De son côté, Carne de neon se distingue avec une esthétique résolument moderne, ultra-découpée, servie par une narration survoltée et ne se refusant aucun effet de mise en scène, même les plus maniérés.  Entre ultra violence et humour noir, Paco Cabezas lorgne visiblement du côté d’Alex de la Iglesia, à qui il emprunte un univers sordide et bigarré où les valeurs morales les plus élémentaires n’ont plus cours. Derrière l’outrance, le sexisme apparent et la bêtise crasse se profile une vision au vitriol d’une société espagnole détraquée.

Dans un genre totalement différent, Crebinsky de Enrique Otero touche par sa poésie et sa fantaisie burlesque. Tel un Kusturica ibérique, le réalisateur invente à partir de trois fois rien un univers baroque et décalé où se croisent des êtres aussi variés qu’une vache nommée Mushka, deux frères naufragés, des soldats américains, un parachutiste nazi et une chanteuse de cabaret. Un conte tendre et léger sur le destin, le hasard et l’ironie du sort.

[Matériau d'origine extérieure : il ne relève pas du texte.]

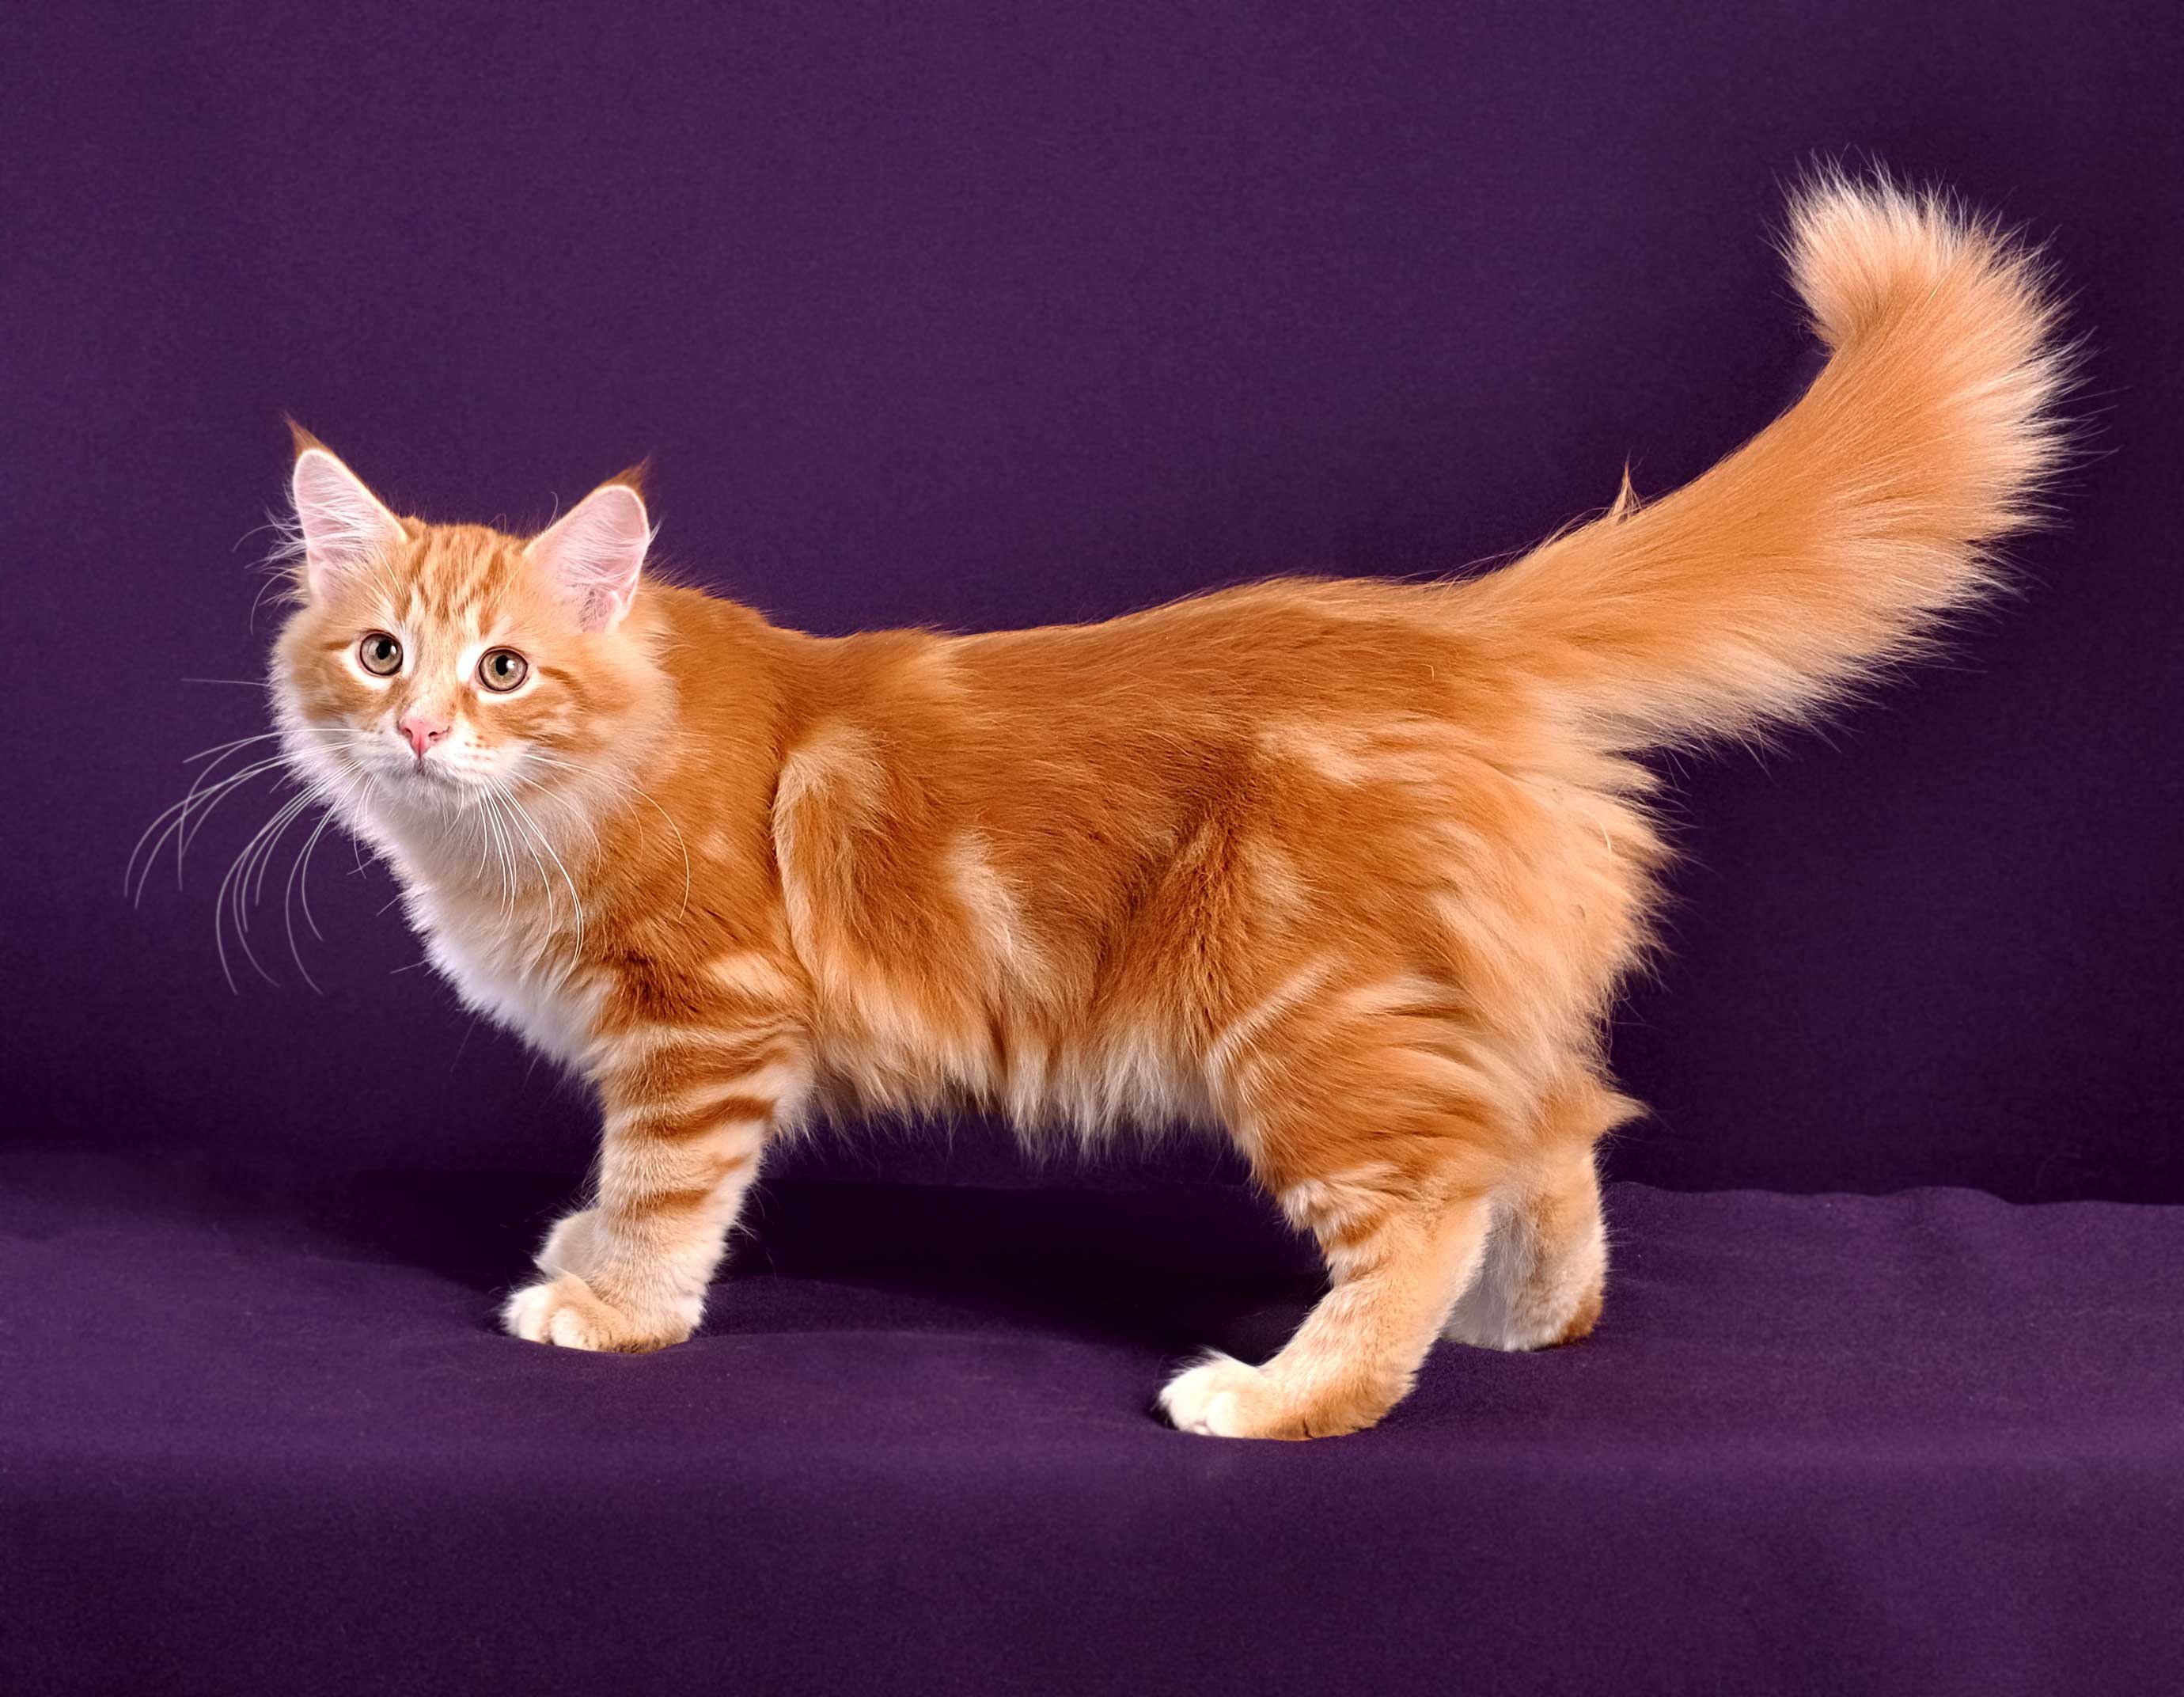 Сибирская порода кошек рыжие - картинки и фото koshka.top

Toutefois, le jury pourrait bien avoir privilégié des œuvres plus classiques mais à la thématique plus engagée. Cinématographiquement, 80 egunean et Amador souffrent des mêmes défauts : un scénario déséquilibré, une surenchère de bons sentiments, un manque de rythme… Mais sur le fond, ils ont tous les deux le mérite d’aborder avec pudeur un sujet qui reste sensible. 80 egunean à travers une amitié amoureuse entre deux femmes âgées, Amador en touchant au tabou de la mort et à la difficulté de l’exil.

C’est donc une lourde tâche qui attend le jury présidé par Anne Alvaro. Car en composant le palmarès, ce n'est pas seulement un certain type de cinématographie qu’il choisira de privilégier, mais bien une vision spécifique de notre monde, engagée à la fois socialement et politiquement.